WiFi is part of the fabric of the world. Gigabit WiFi is here and will provide dramatic performance improvement for office buildings, campuses, and homes. Ultra HD 4K TV will be streaming to multiple large flat panels throughout the home — with no network cables. In healthcare, always on means better care for patients with chronic illness and home healthcare telemonitoring may grow ten-fold over the next few years. The Medical Body Area Network (MBAN) was approved by the FCC and will facilitate wireless healthcare.
In last year’s “Everywhere” I talked about the billion computers (including tablets), one billion cars, one and a half billion televisions, two billion Internet users, and nearly six billion paid cellular subscribers. Last night I talked about 3D printing. It is happening everywhere and having the effect of the industrial revolution. 3D printing touches every segment, but I am most impressed with what is happening in regenerative medicine. Researchers in the U.K. have developed a technique to simultaneously print a scaffold and living stem cells to create human bone tissue. Eventually, any body part will be replaceable.

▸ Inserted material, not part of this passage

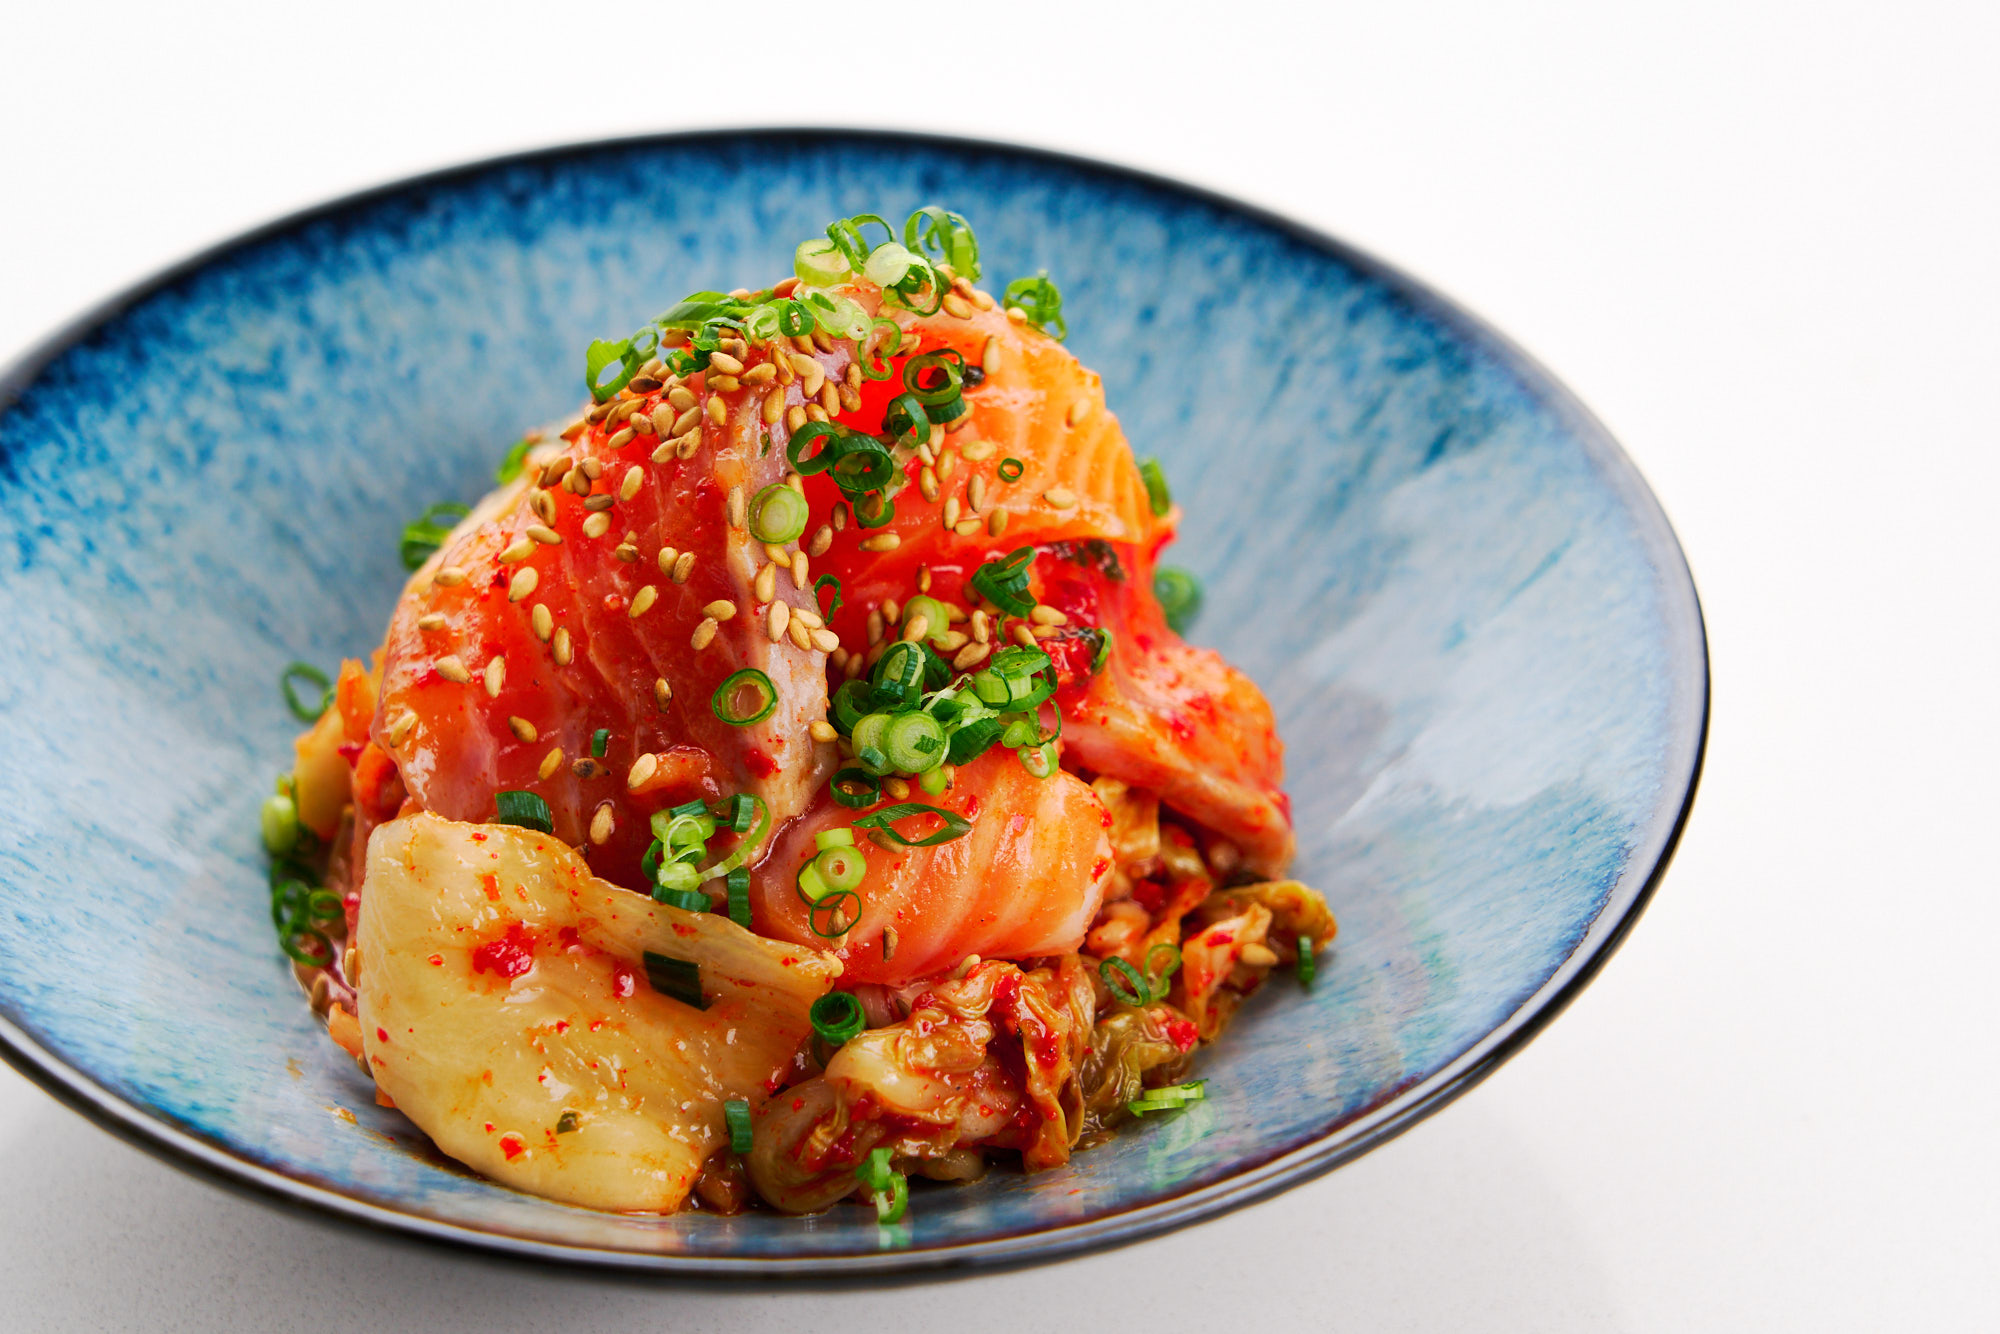 Kimchi Cured Salmon ready to serve

Social networking continues to be fundamental to healthcare and spawns vertical sites such as patientslikeme.com. Further empowering consumers are sites like zocdoc.com that allow you to make doctor appointments in a simple and useful way. The newly emerging trend is for consumers to perform self-diagnosis. Doctors worry consumers may self-diagnose, then self-prescribe, and possibly self-destruct. However, new techniques such as Isabel can put patients in the loop, gain highly accurate information through differential diagnostic technology, and improve the productivity of doctors. Consumers are now using mHealth devices to measure cholesterol, heart activity, and eventually genomic measures.
The biggest growth of intelligence is occurring in the field of analytics. Exabytes of data are being stored. Analytics will enable businesses to make sense of it, model their business, and continuously adapt to what is going on. IBM’s Watson took on humans on the Jeopardy Show, but what is more interesting is the ability for a primary care physician to call and get a recommendation based on patient data they describe to Watson. Within a couple of seconds Watson will be able to review all relevant medical information in the world and make a useful suggestion. Within 5-10 years, Watson may be available on a smartphone.
This may be the year for TV to get easier. Last year I talked about the three remotes — BlueRay, Cable box, and TV — including 153 buttons. Even a savvy child could not possibly master this impossible user interface. An Apple TV remote has three buttons. Apple is rumored to be announcing new TV Stations available through the Apple TV. Once consumers can get news and sports on their Apple TV or Roku or Amazon Fire TV, millions will cut the cord that has been locking them in to high prices and hundreds of channels most of which are never watched.
There are many dimensions to trust. Can we trust the Internet with our healthcare information. I said we can trust the Internet but not necessarily companies like Anthem that do not properly protect the data. I also talked about Bitcoin. The various nefarious things we hear about related to Bitcoin are about people we can’t trust, not about Bitcoin. With Bitcoin, we are trusting the Internet and cryptography. The evolution of Bitcoin has all the trappings of the web of 1995. The last question posed was whether we can trust our hospitals and doctors and big pharma. That is what Health Attitude is about.